I find this architecture wrong. I do not understand why Apache Reverse Proxy is requried. I would still go with simple architecture with flow as a) SiteMinder with IIS doing the routing -> Backend Applications(accessing a common service to check whether site can be accessed or not)

Am I missing something?

2

There are 2 answers

2
Avi On

The Apache reverse proxy would make it easier to load balance between multiple IIS instances. As far as I know to do something similar on IIS you would need to use the ARR (application request routing) module which won't be optimised to work with Tomcat etc.

However, the SiteMinder with IIS does seem an added overhead in your architecture. The Apache reverse proxy also supports SiteMinder agents.

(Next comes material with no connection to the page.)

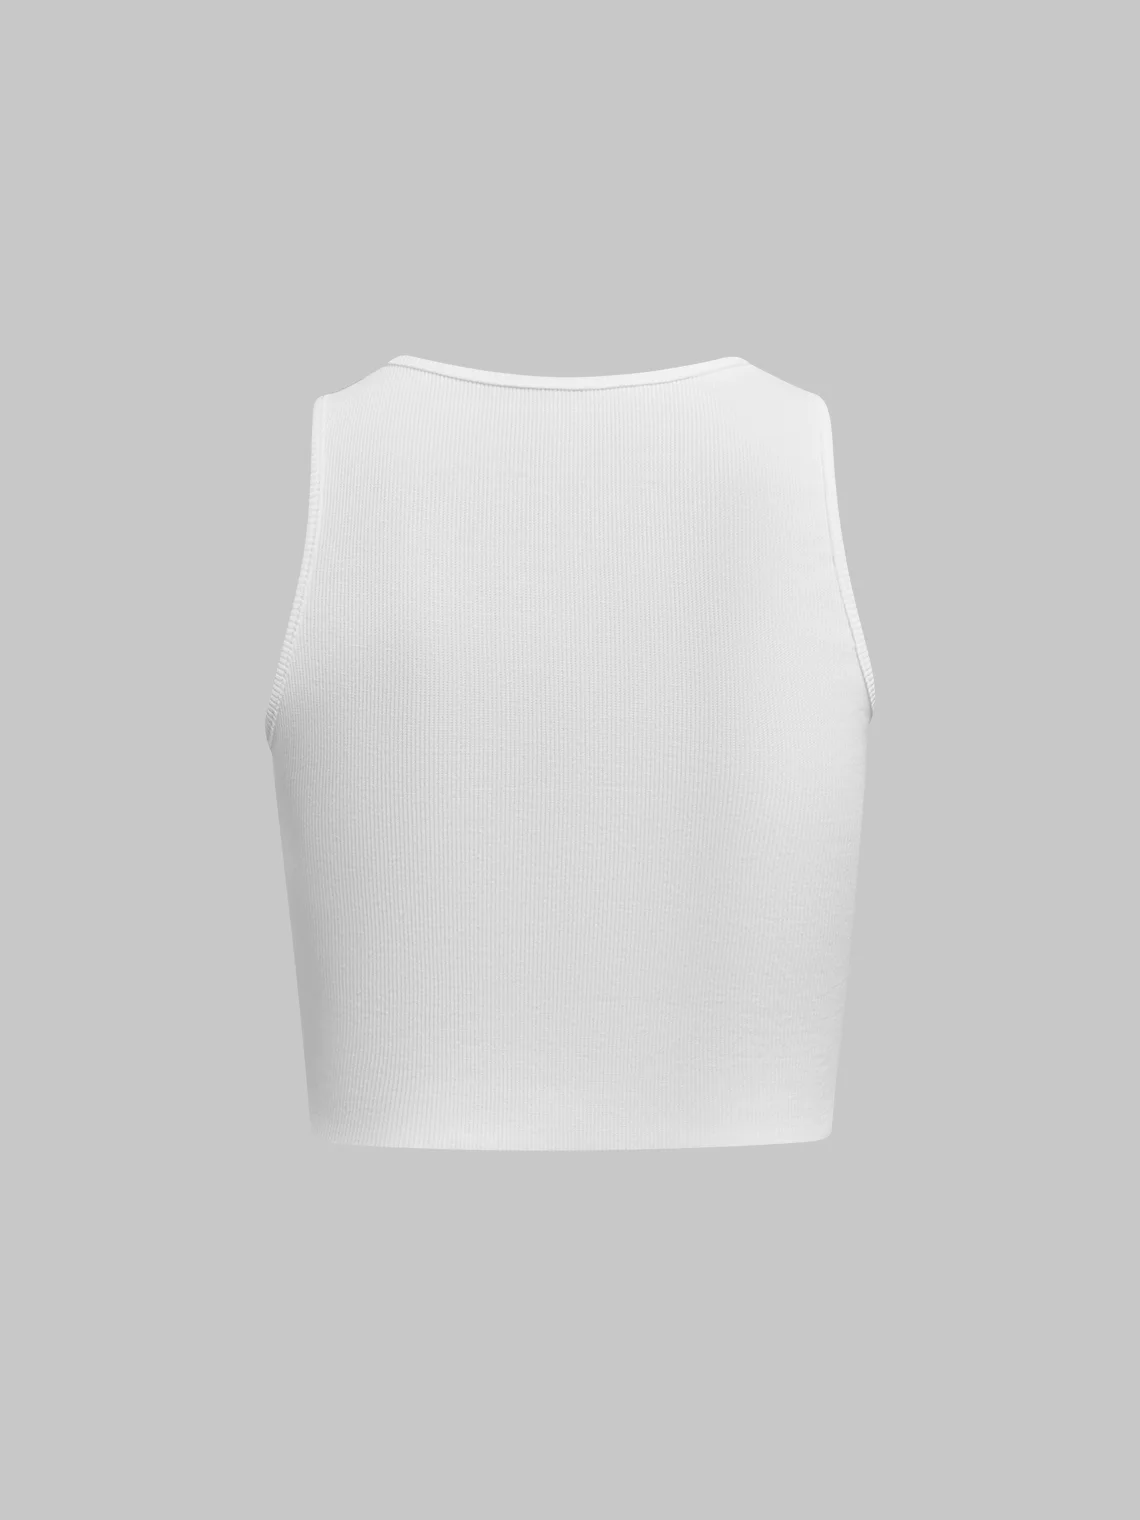 【Final Sale】Y2K White Letter Cropped Top Tank Top & Cami Future Millionaire

Why don't you push for setting up the SiteMinder agent on the Apache proxy and remove IIS completely from the picture. I can think of the following benefits:

  1. Remove one extra layer from the architecture
  2. Remove an extra network hop
  3. Clean up the stack. Apache + Tomcat is very standard in enterprises while IIS + Apache + Tomcat definitely isn't.

Hope this helps

0
sk_ On

I don't see either the rationale behind the second architecture. The first scenario is a much more common deployment of Siteminder.

Be aware that this kind of architecture potentially opens vulnerabilities (logon bypass notably). See my answer on this question. Those remarks are true for both architectures.